First, note that actually in addition to the three electric field components you mention, there are also 3 magnetic field components. So naively, by counting field components, there should be 6 modes for each $n_x, n_y, n_z$.

Second, we have to consider all of Maxwell's equations. Once we do, we find that only 2 of the 6 components of $\vec{E}$ and $\vec{B}$ are genuinely independent (in the sense that their value and time derivative can be specified as initial conditions), the rest of the components can be solved for in terms of the others using Maxwell's equations.

Physically, this leads to the conclusion that the electromagnetic field has two degrees of freedom, which correspond to the two polarizations of light (left and right circularly polarized waves).

Here is a sketch of a more detailed argument using Maxwell's equations.

We will consider them in vacuum, since that is the situation that applies to your box.
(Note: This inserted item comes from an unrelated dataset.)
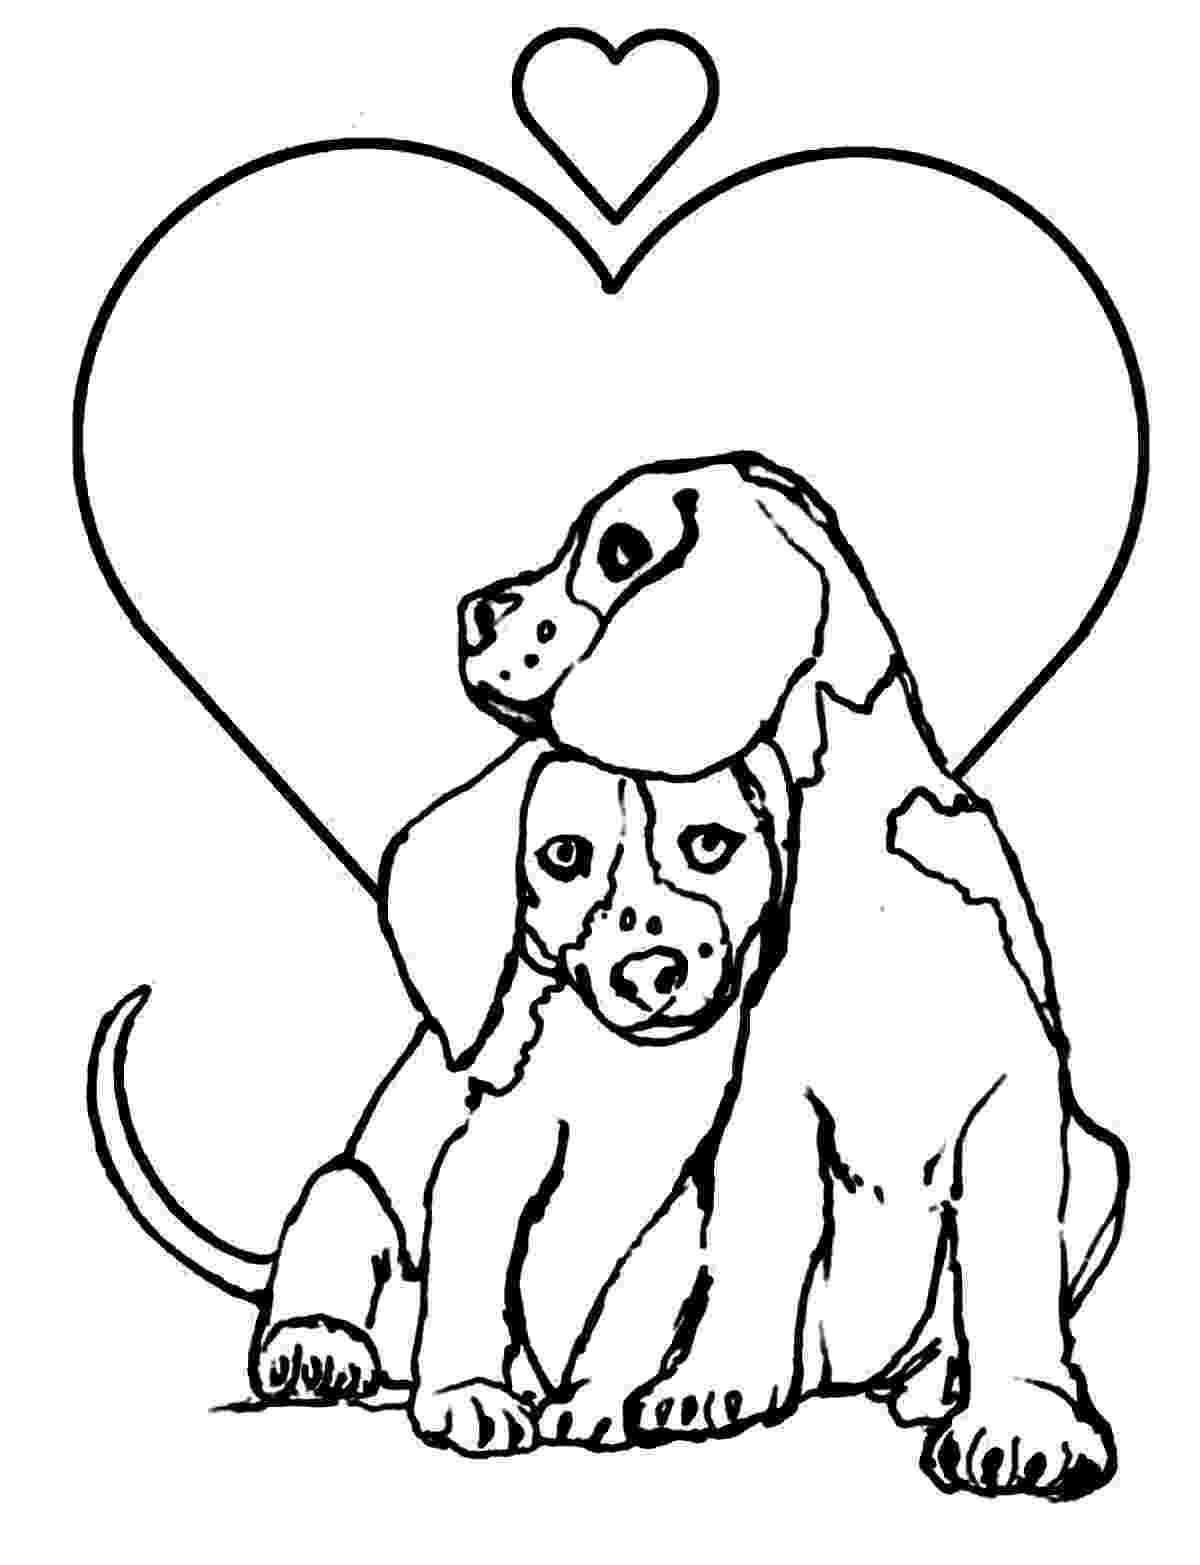 dog printable pictures dog for children loving dogs dogs kids coloring pages pictures printable dog

Two of Maxwell's equations involve time derivatives \begin{eqnarray} \frac{\partial \vec{E}}{\partial t} &=& c^2 \nabla \times \vec{B}\\ \frac{\partial \vec{B}}{\partial t} &=& - \nabla \times \vec{E} \end{eqnarray} As is shown in any E&M book, these two equations can be combined to yield a wave equation for $\vec{E}$ \begin{eqnarray} \frac{\partial^2 \vec{E}}{\partial t^2} + c^2 \nabla^2 \vec{E} &=& 0 \end{eqnarray} as well as a condition (Ampere's law when $J=0$) that $$ \nabla \times \vec{B} = \frac{1}{c^2}\frac{\partial \vec{E}}{\partial t} $$ The wave equation for $\vec{E}$ means (naively) that we should have to solve for 3 components of $E$ (but see below). The condition on $B$ tells us that 2 components of $\vec{B}$ can be derived once we know how $\vec{E}$ evolves in time. (Why two instead of three? Because $\nabla \cdot \nabla \times \vec{B}=0$ identically, so $\nabla \times \vec{B}= \frac{1}{c^2}\frac{\partial \vec{E}}{\partial t}$ is only two independent equations, even though it naively looks like it has three components).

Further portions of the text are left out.